Red Leather started his career on TikTok, uploading himself playing several different covers. Red currently has 1,400,000 followers on TikTok.

== Musical career ==

=== Busking ===
Red Leather began his music career in Los Angeles by performing on Hollywood Boulevard. During this time, Red began to write his own songs and post cover songs to TikTok.

=== Debut single ===
In June 2022, Red Leather released his debut single called "The Only Time It Rains In Hollywood", a song about homelessness on Hollywood Boulevard. It features the accounts of two homeless people describing how they became homeless and what they had lost in life.

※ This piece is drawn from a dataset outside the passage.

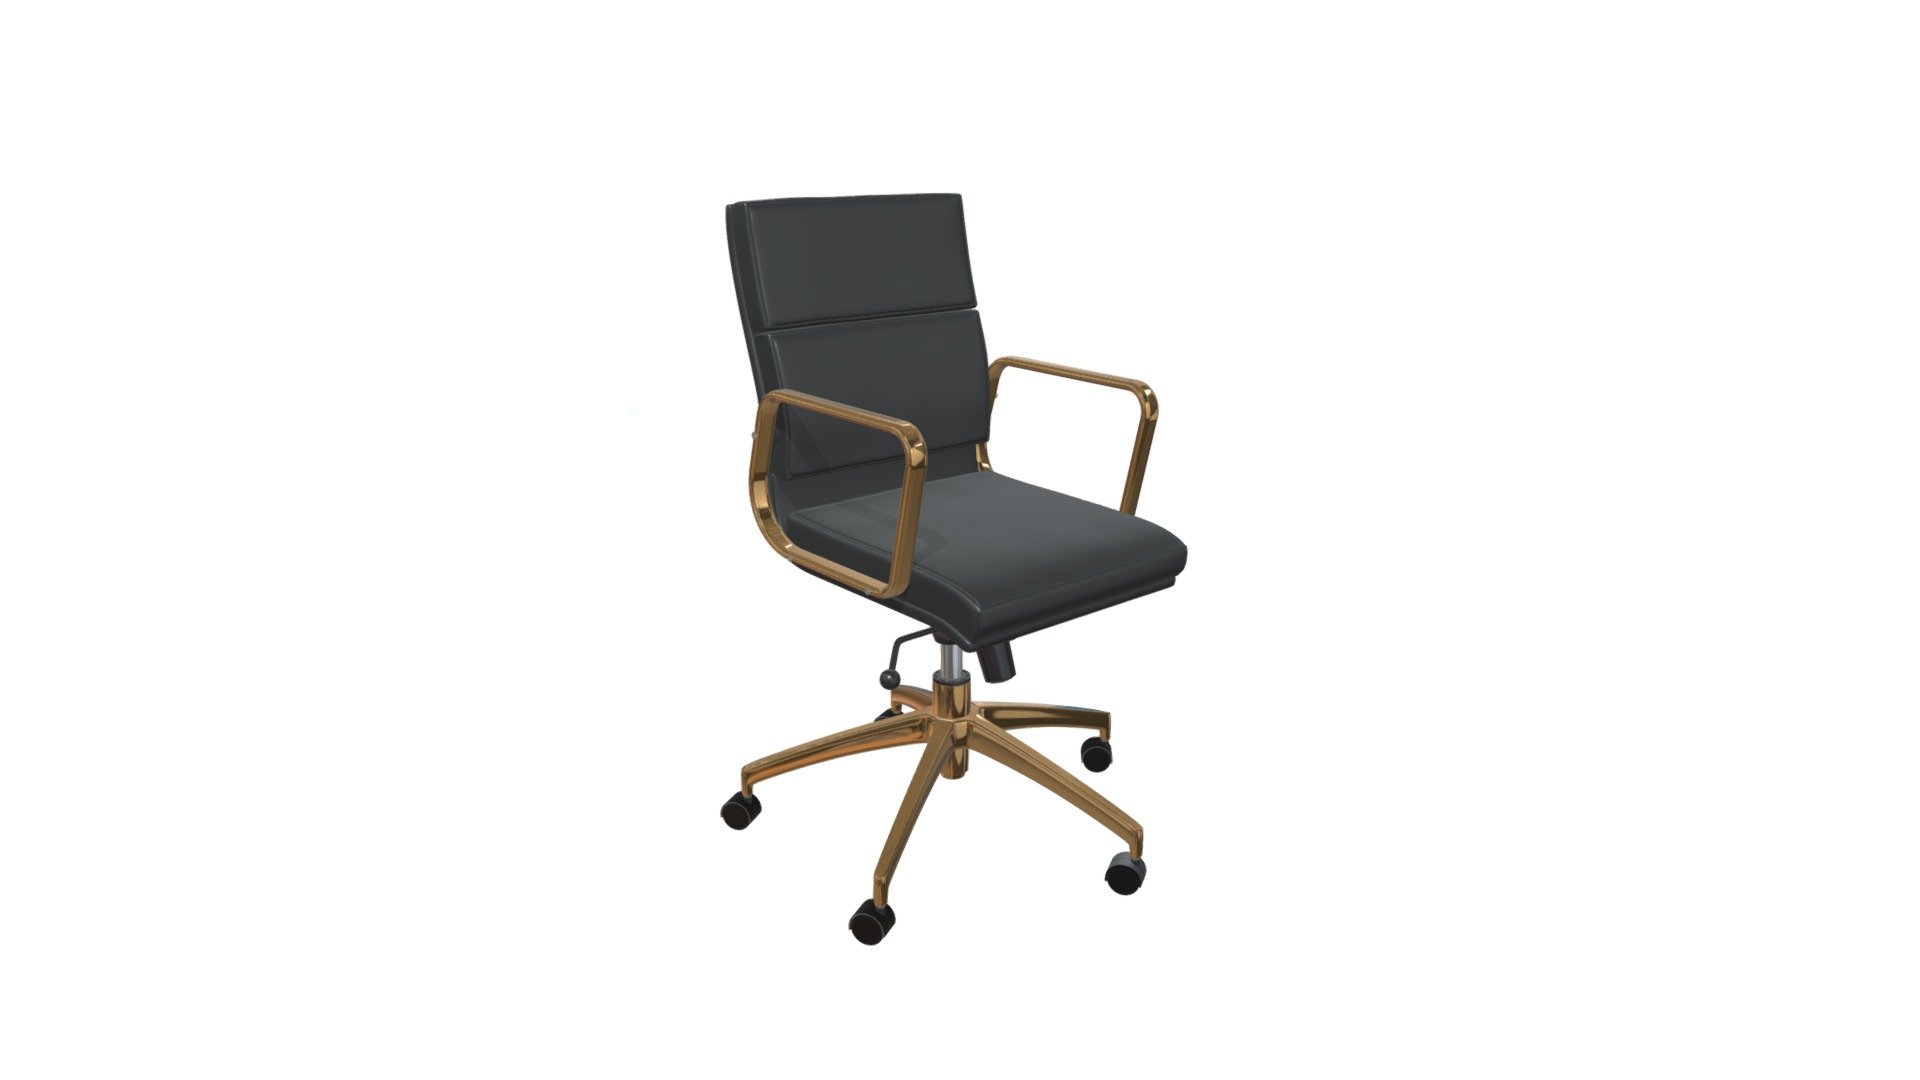 Dressed for success, this gorgeous office chair with its rich gold accents is the perfect choice for your high profile office space. Fully functional, it seat swivels and adjusts in height, while its sturdy casters keeps the agenda moving along. Pull it up to any desk for an instant promotion. https://zuomod.com/Scientist-Low-Back-Office-Chair-Blk-Gd - Scientist Low Back Office Chair Bk & Gd - 101017 - Buy Royalty Free 3D model by Zuo Modern (@zuo) 3d model

Red released several other singles through 2022 and into 2023.

=== Burn in Hell Tour ===
Red Leather announced a tour ahead of his debut album. The Burn in Hell tour, named after the second song on his debut album, ran from November 1 to 29 and had four stops. One in Los Angeles, California, one in Las Vegas, Nevada, one in Reno, Nevada, and one in Austin, Texas.

=== Tahoe Tour===
Red Leather announced a tour ahead of his second album Tahoe.

=== Debut album ===
Red Leather released his debut album, Reno, on November 17, 2023.

On July 18, 2025, Red released Reno (All In), an expanded version with “Sins” featuring Sueco and WesGhost.

| No. | Title | Length |
|---|---|---|
| 1. | "Train's Leavin'" | 0:55 |
| 2. | "Burn in Hell" | 3:09 |
| 3. | "Deathwish" | 2:48 |
| 4. | "Sins" | 2:58 |
| 5. | "Pusherman" | 3:19 |
| 6. | "The Biggest Little City in the World" | 0:24 |
| 7. | "El Dorado" | 2:06 |
| 8. | "Down Bad" | 2:57 |
| 9. | "Desert Storm" | 3:56 |
| 10. | "Watch My Daddy Die" | 3:04 |
| 11. | "Walk Away" | 2:39 |
| 12. | "House of the Rising Sun (Cover)" | 2:18 |
| 13. | "Dakota" | 2:46 |
| 14. | "Devil's Grip" | 2:41 |
| 15. | "The Only Time It Rains in Hollywood" | 5:15 |
| Total length: |  | 41:15 |

| No. | Title | Length |
|---|---|---|
| 1. | "Train's Leavin'" | 0:55 |
| 2. | "Burn in Hell" | 3:09 |
| 3. | "Deathwish" | 2:48 |
| 4. | "Sins" | 2:58 |
| 5. | "Pusherman" | 3:19 |
| 6. | "The Biggest Little City in the World" | 0:24 |
| 7. | "El Dorado" | 2:06 |
| 8. | "Down Bad" | 2:57 |
| 9. | "Desert Storm" | 3:56 |
| 10. | "Watch My Daddy Die" | 3:04 |
| 11. | "Walk Away" | 2:39 |
| 12. | "House of the Rising Sun (Cover)" | 2:18 |
| 13. | "Dakota" | 2:46 |
| 14. | "Devil's Grip" | 2:41 |
| 15. | "The Only Time It Rains in Hollywood" | 5:15 |
| 16. | "Can’t Get High" | 3:52 |
| 17. | "Unstoppable" | 2:40 |
| 18. | "Poison" | 4:06 |
| 19. | "Catch Me If You Can" | 2:30 |
| 20. | "Sins (with Sueco & WesGhost" | 3:51 |
| Total length: |  | 58 |

=== Reception ===
Currently, Reno has about 16 million streams on Spotify and Red has about 1.4 million monthly listeners.